1. i met someone new and special of whom i would like to spend everyday with.
and more importantly,
2. i came to realise how important my family is to me. especially my parents.

even though, for a really long time, i know that they were special people in my life. so dear to me. but it never really dawn on me that as i grew up to mature more and come to understand the meaning of "not taking things for granted", that they too grow older.

many complications set in.

as the years past, and all of us grew, chirstmas slowly changed from a warm family affair, where everyone gathers in malaysia and exchange presents, to one that is not so warm with us, a table of 4, having dinner at jacks place in singapore. if i did not take the initiative to set up the christmas tree downstairs, it would not even be there this year.

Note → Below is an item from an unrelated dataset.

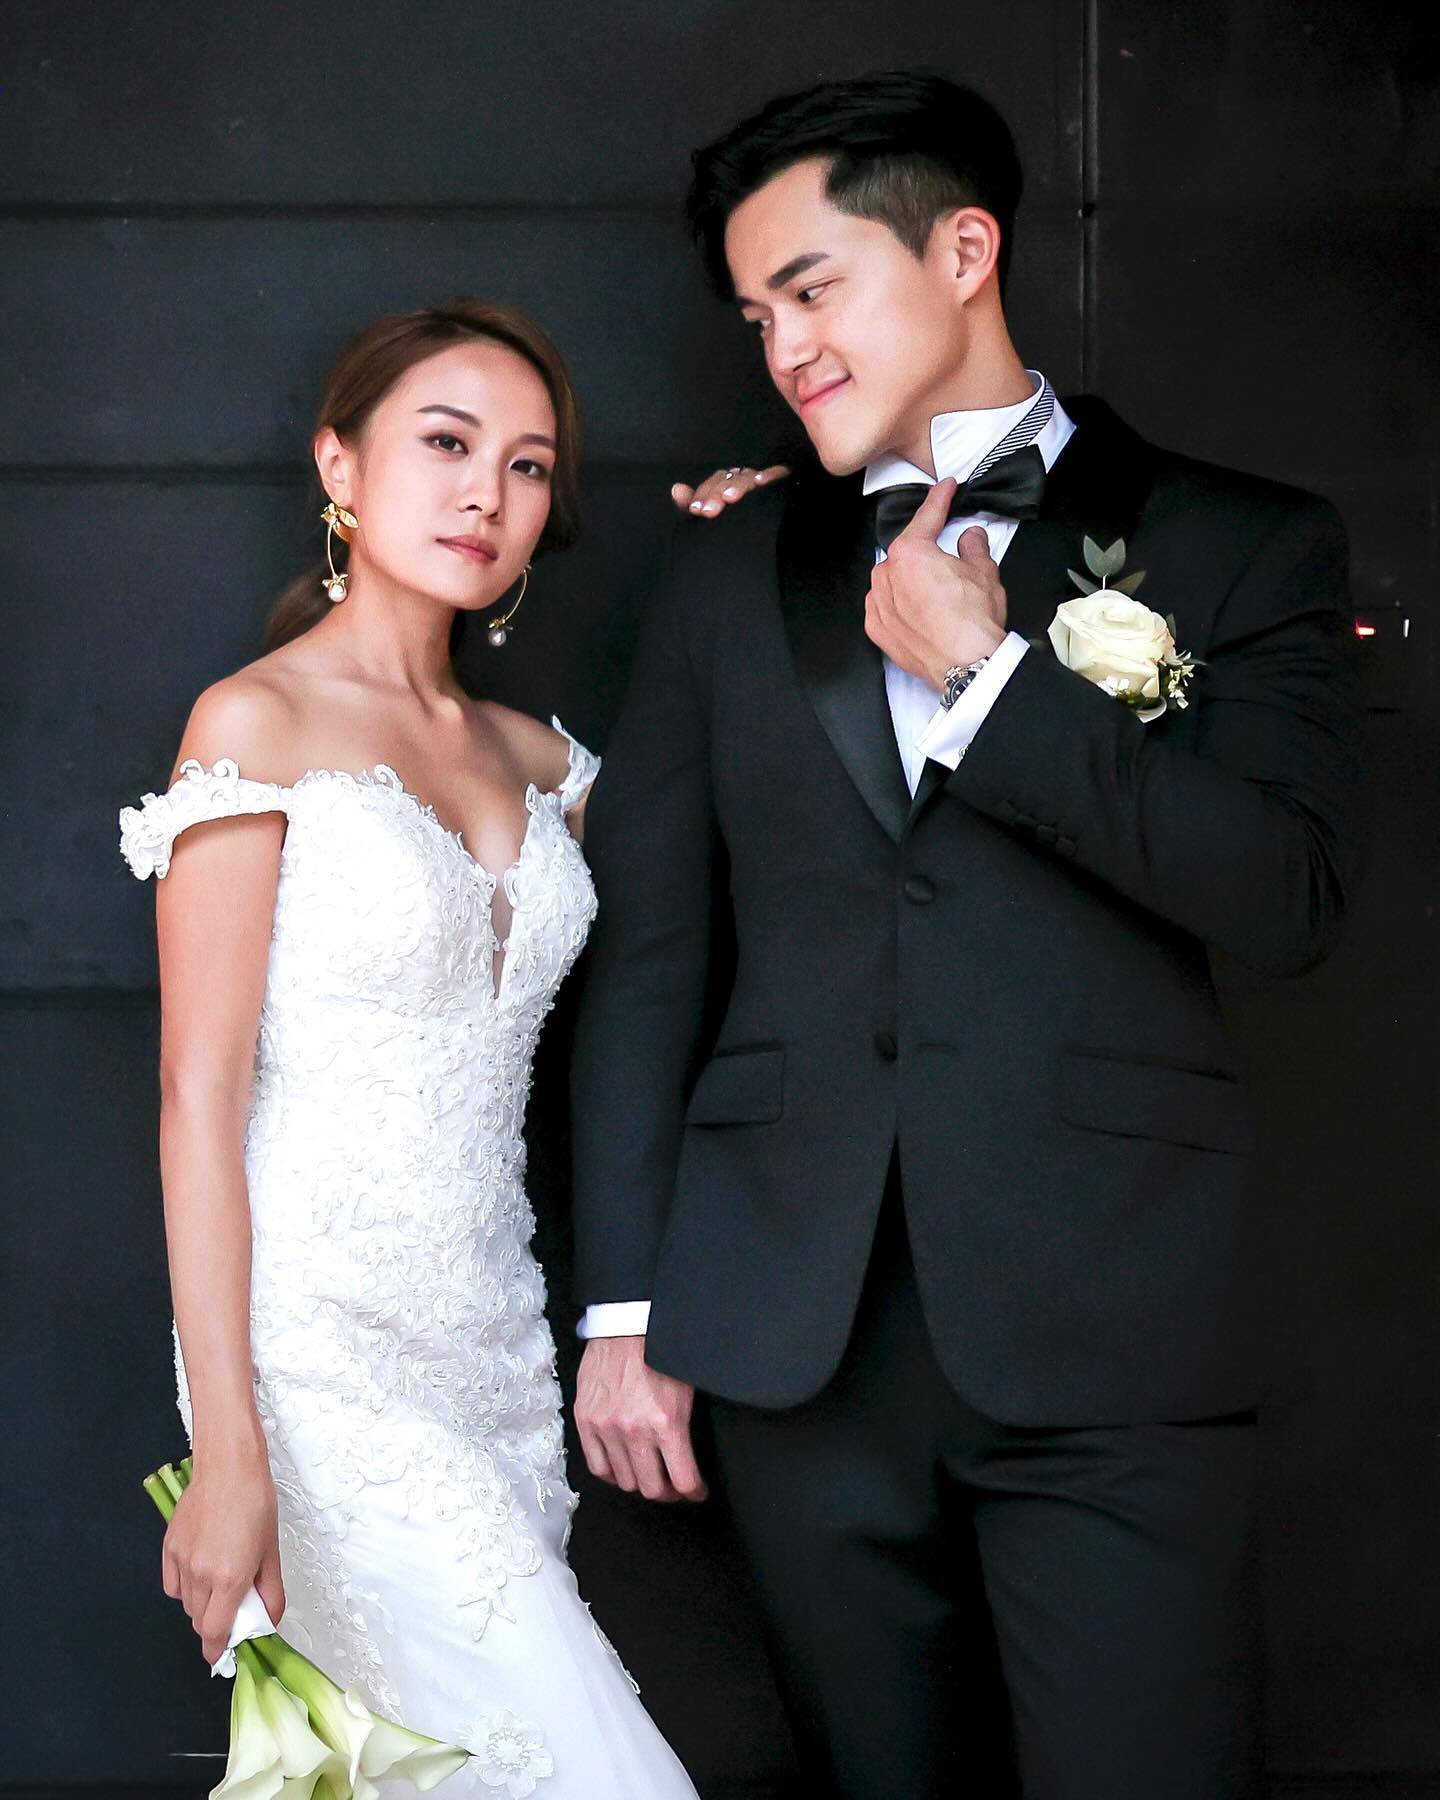 丘静雯 丘静雯去年10月嫁给了拍拖5年的男友阿枫，升呢做幸福人妻。

chirstmas carols became a passe, til my dad reminded me to play some when we got back from dinner.

tonight, i would gladly exchange 10 years of my life for time to stand still at the age of 7. where my parents were still young, with black hair and a body that can take anything. when i was as childish as ever, with my dad and mom being childish just to entertain me.

back then life was more joyful, with more laughter, less tears, and definitely more family.

i held my dad's hand as we were walking back to the carpark. though 17, my hand still felt small and safe inside that big warm hand- it brought me back to when i was 7.
...

a memory of me holding onto my dad's hand, swinging it and jumping up and down. a memory of both my parents smiling faces.